Exercise materials -
========
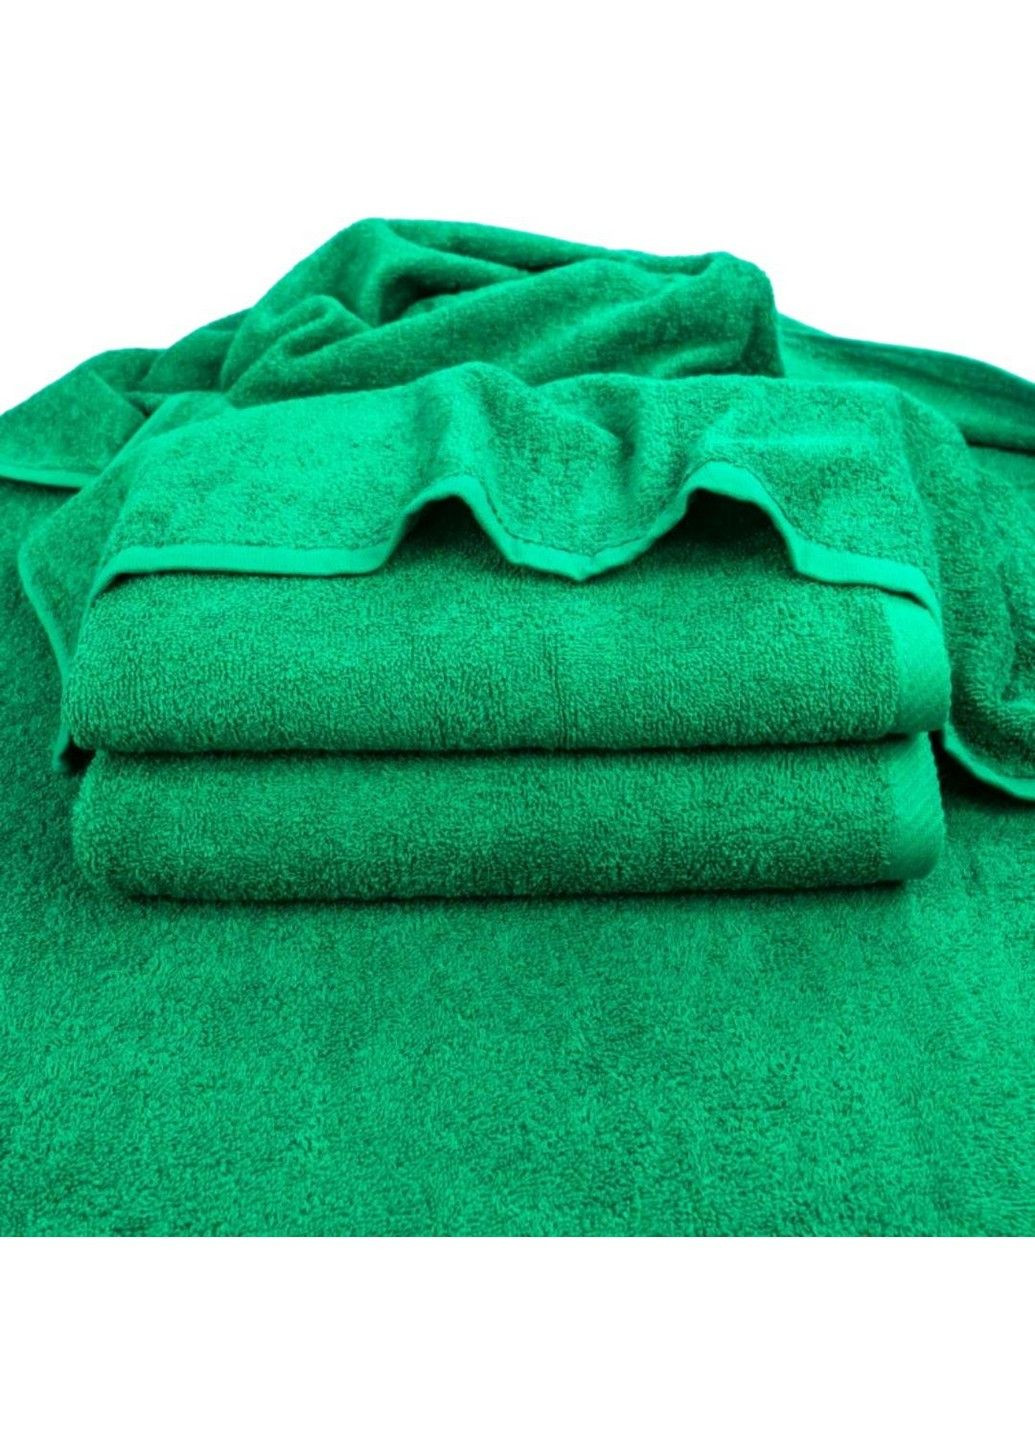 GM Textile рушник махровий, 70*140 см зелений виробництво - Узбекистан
========
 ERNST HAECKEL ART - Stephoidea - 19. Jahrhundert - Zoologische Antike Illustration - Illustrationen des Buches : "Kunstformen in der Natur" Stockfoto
========
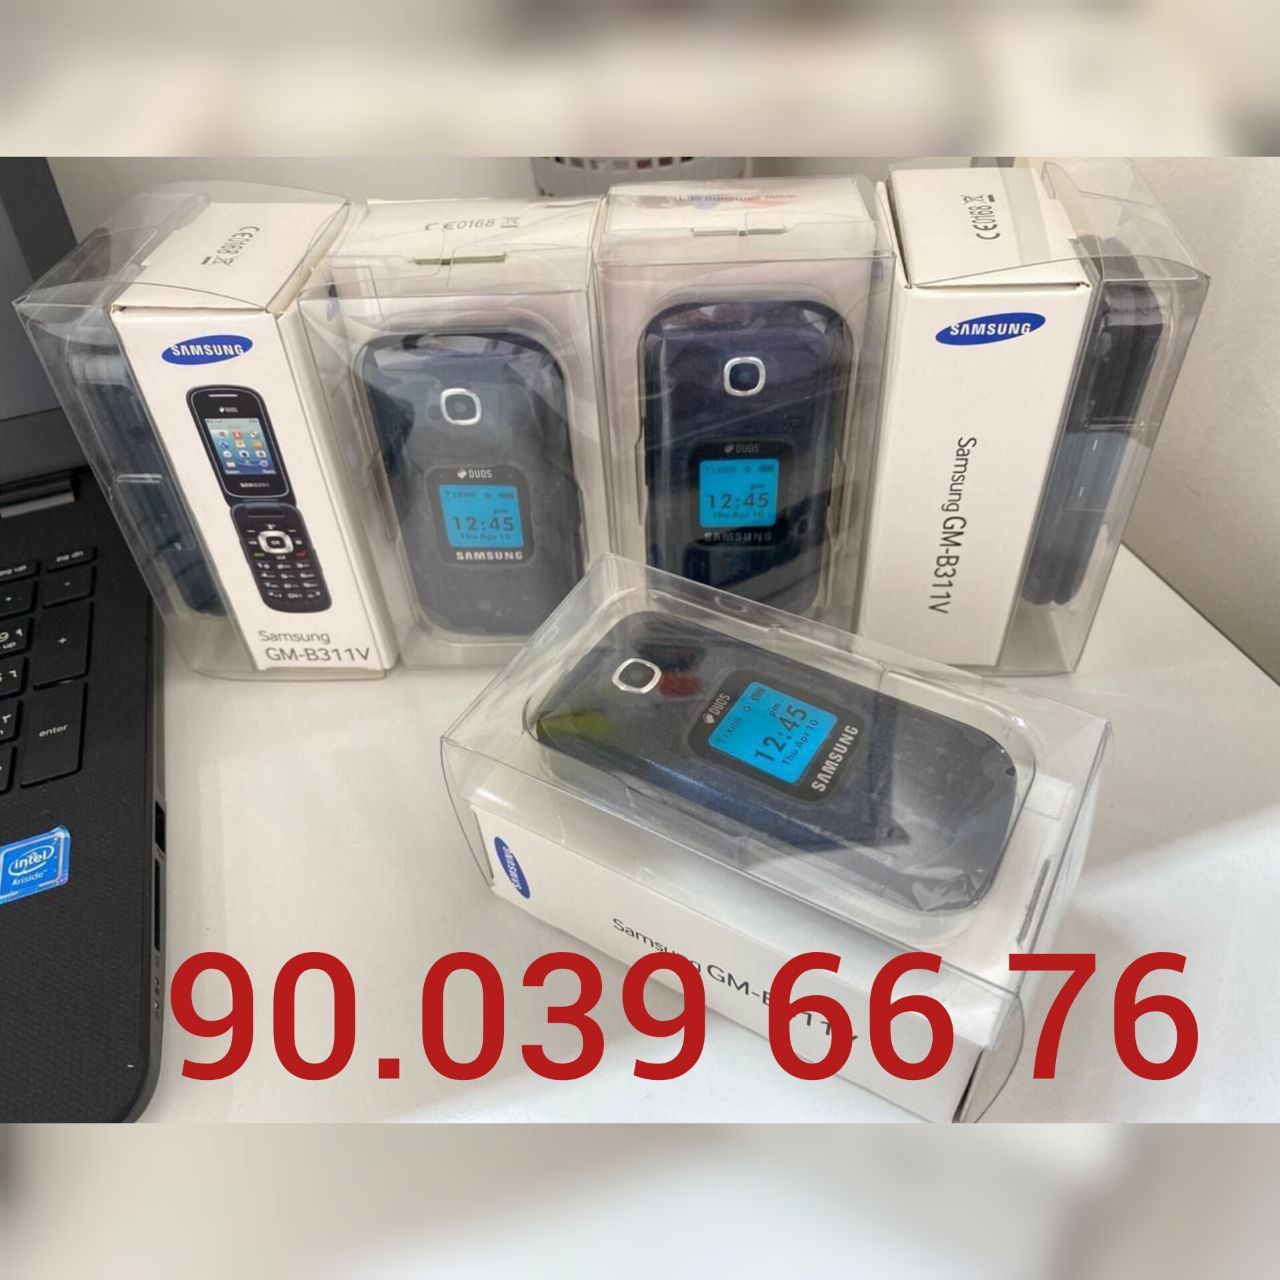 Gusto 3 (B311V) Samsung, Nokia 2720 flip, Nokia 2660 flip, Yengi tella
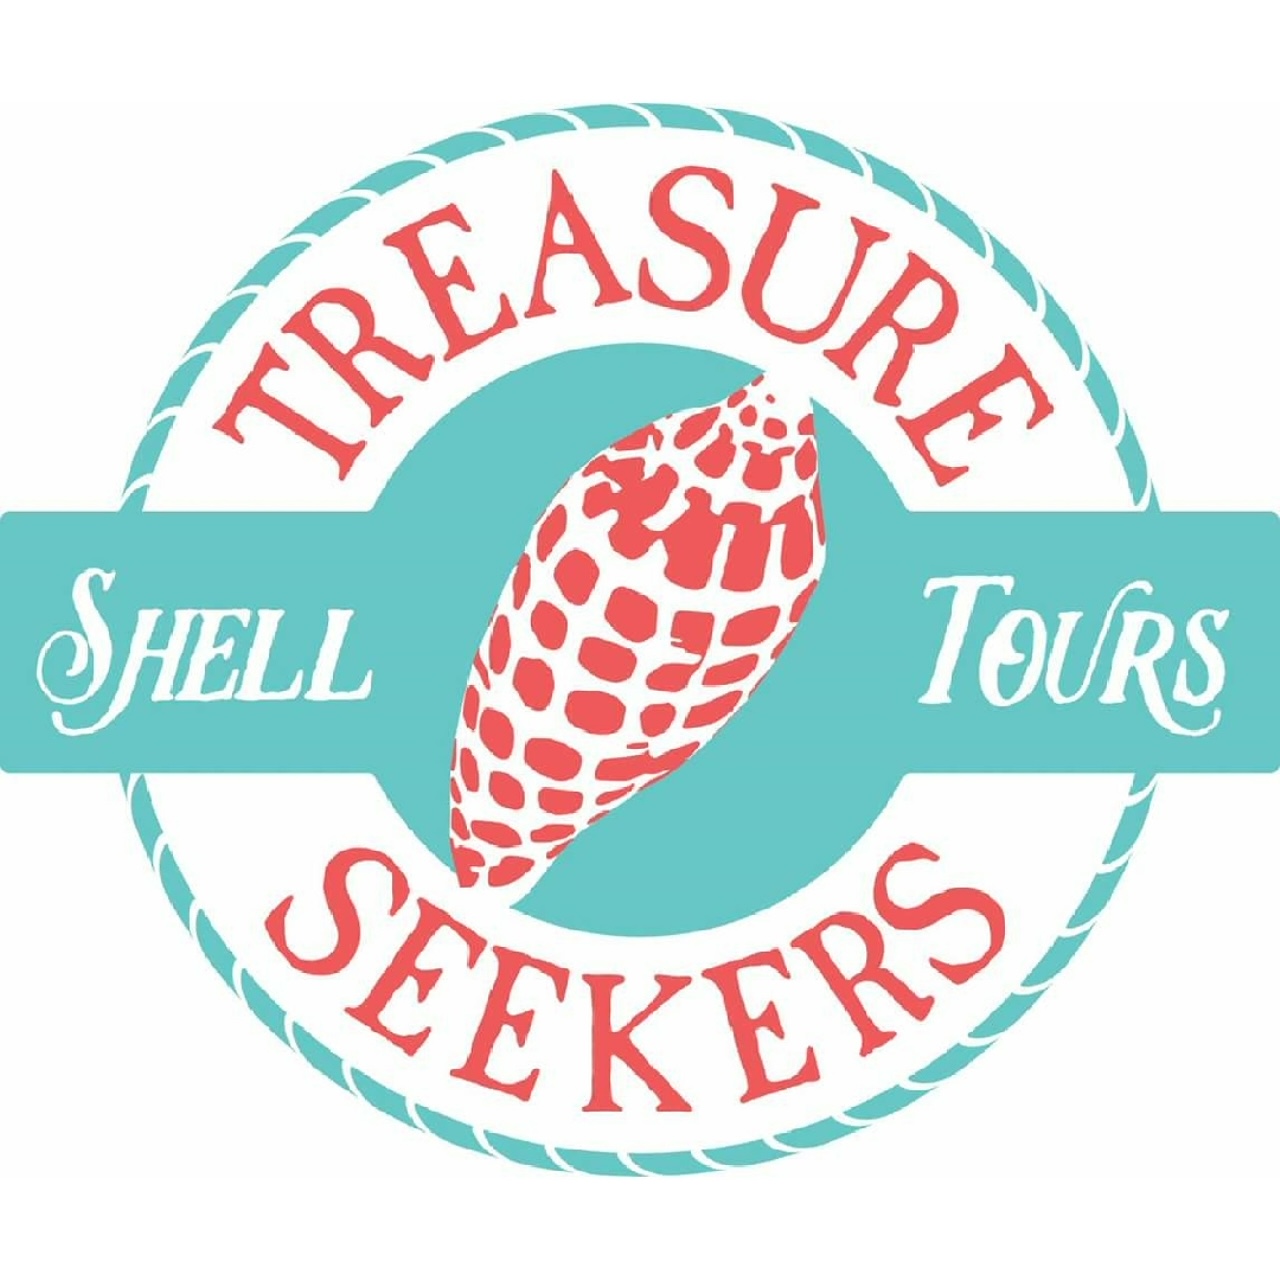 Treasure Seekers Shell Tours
========
Prompt -
Would you print exactly the lines in the listing above, from the line bearing "Gusto 3 (B311V)" through the line bearing "Treasure Seekers Shell Tours", leaving out all pictures?

Answer to this problem -
 Gusto 3 (B311V) Samsung, Nokia 2720 flip, Nokia 2660 flip, Yengi tella
 Treasure Seekers Shell Tours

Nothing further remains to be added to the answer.